Information supplied ▸

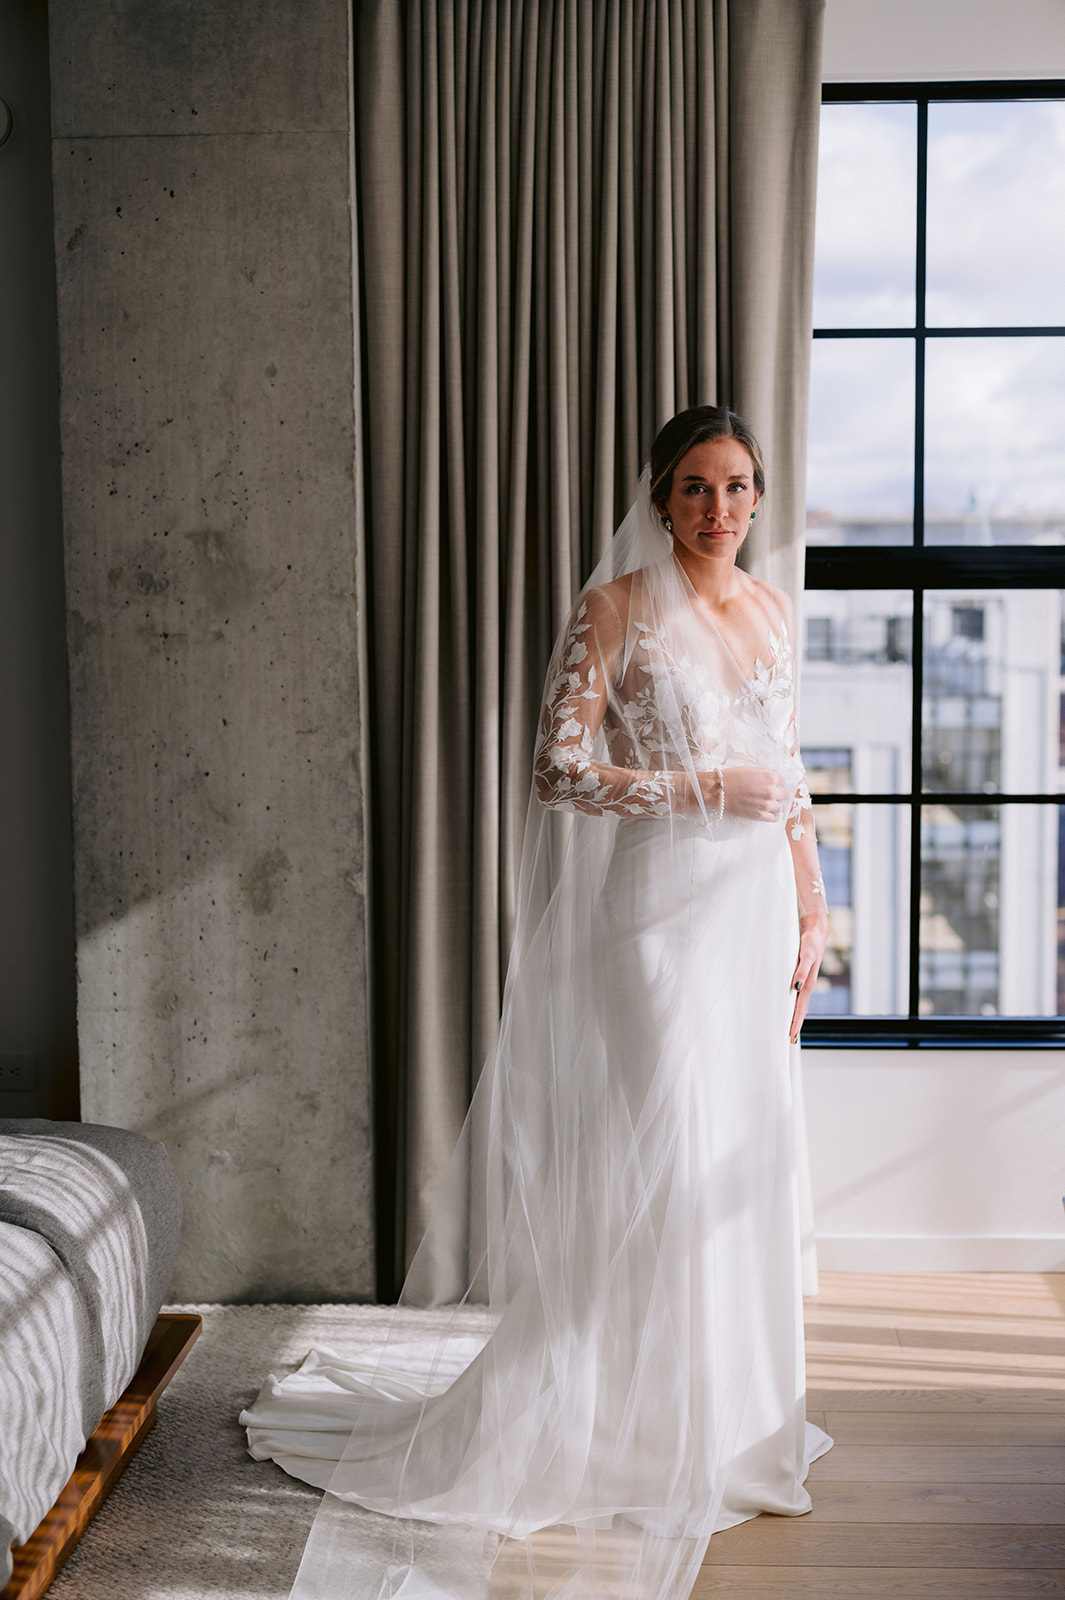 Stunning bride looks enchantingly at the camera in her wedding dress, captured by Mary Shelton Media
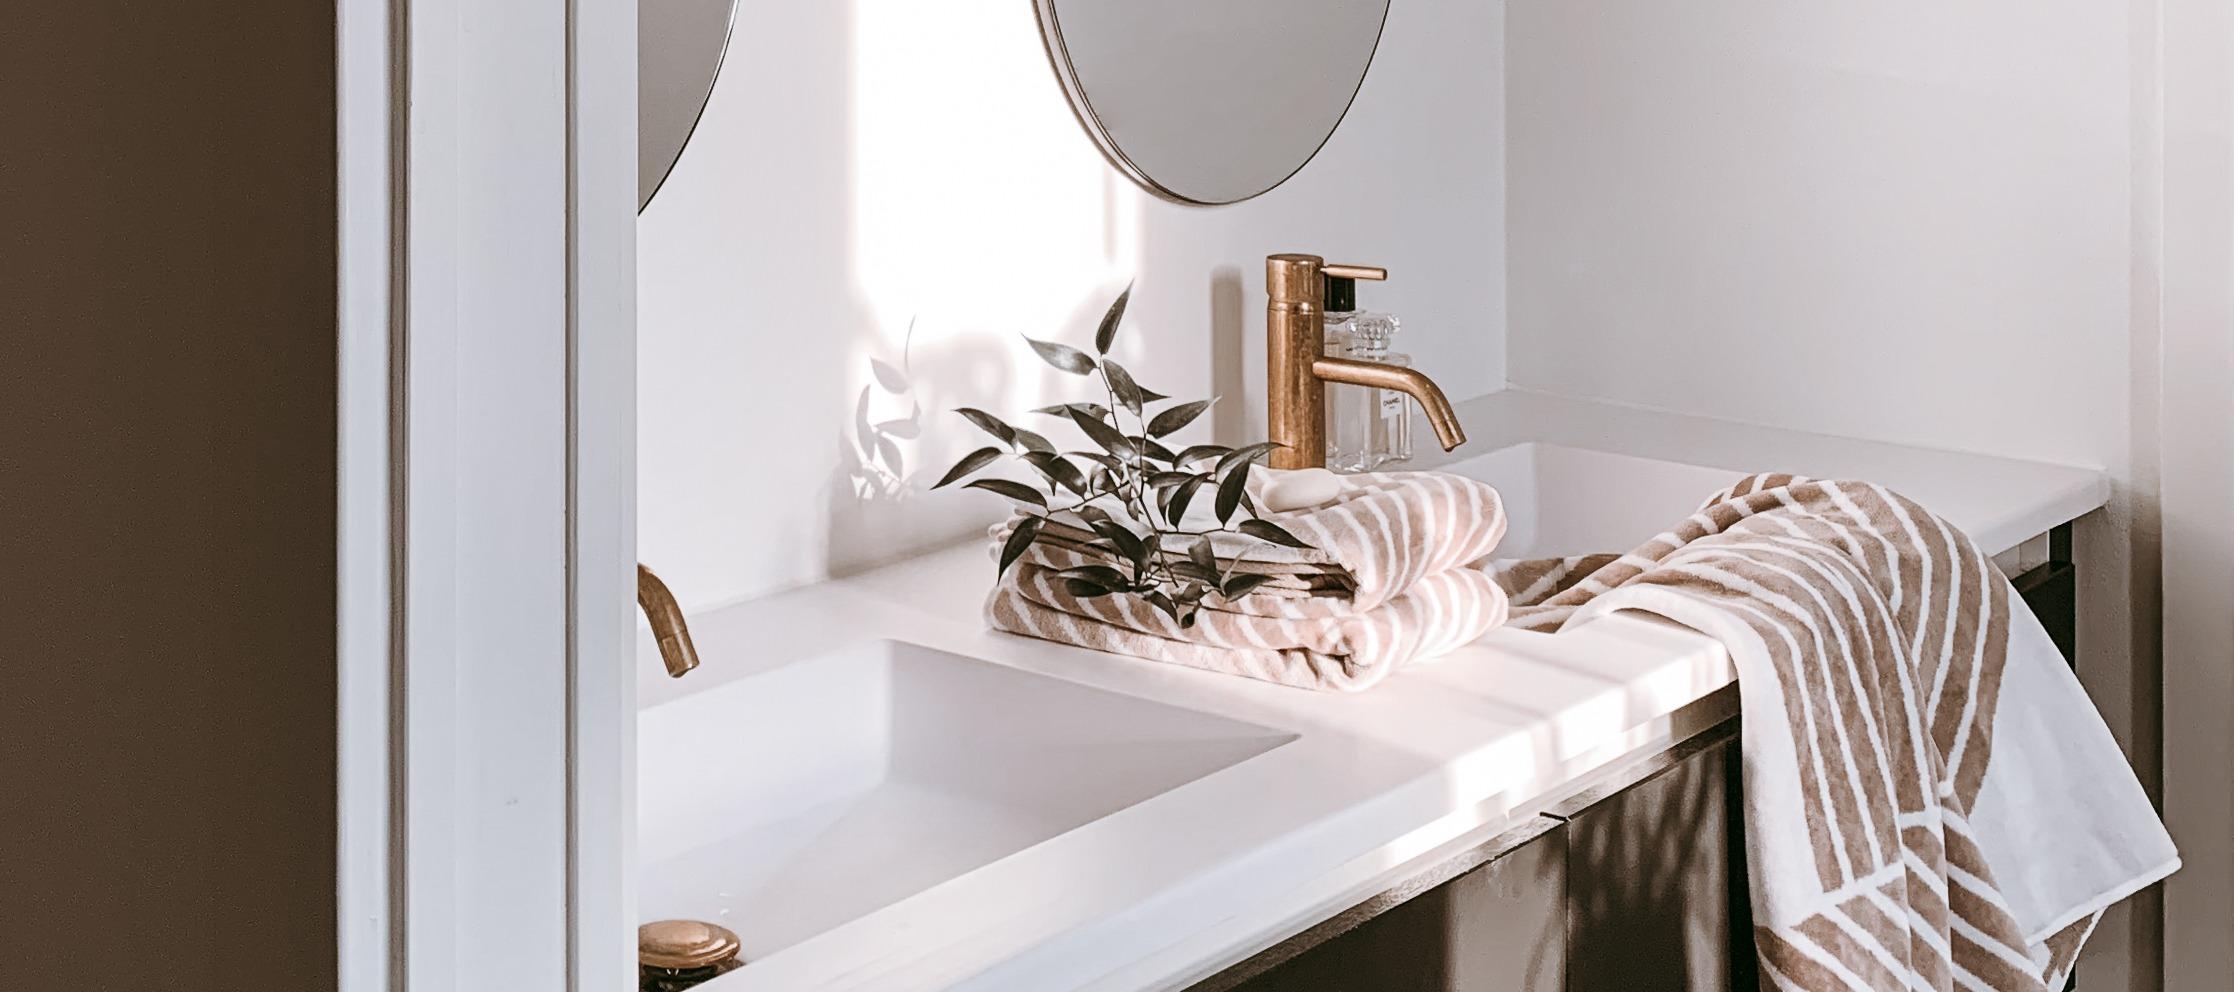 Bathroom organization to make your morning routine more peaceful
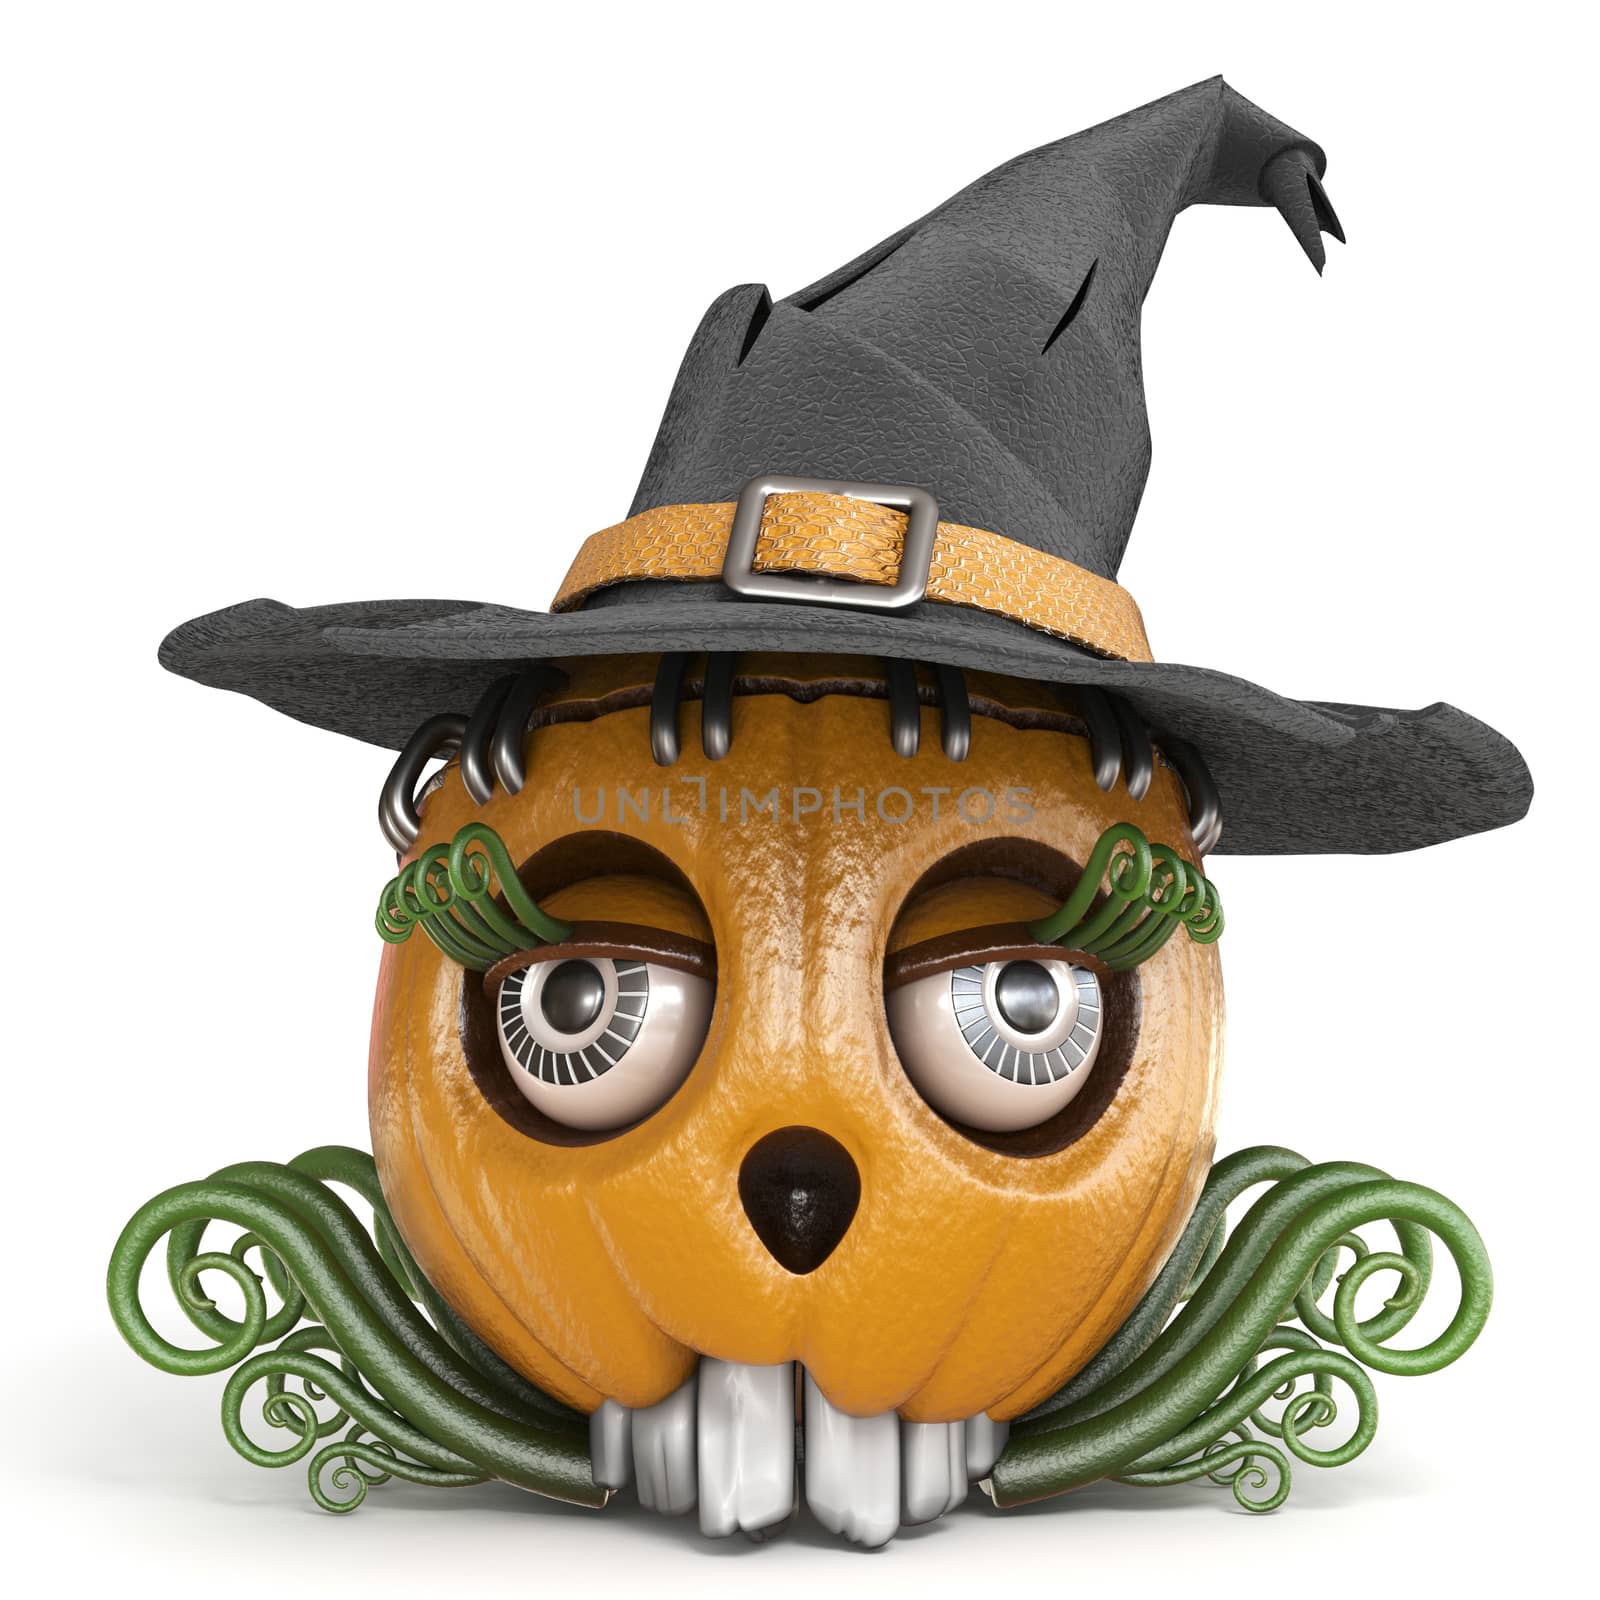 Halloween pumpkin Jack O Lantern lady with witch hat 3D render illustration isolated on white background

Exercise requirements ▸ What the answer must hold is the exact text of every line from the one containing "Bathroom organization to" through the end of the data, minus any pictures.

Problem solution ▸
 Bathroom organization to make your morning routine more peaceful
 Halloween pumpkin Jack O Lantern lady with witch hat 3D render illustration isolated on white background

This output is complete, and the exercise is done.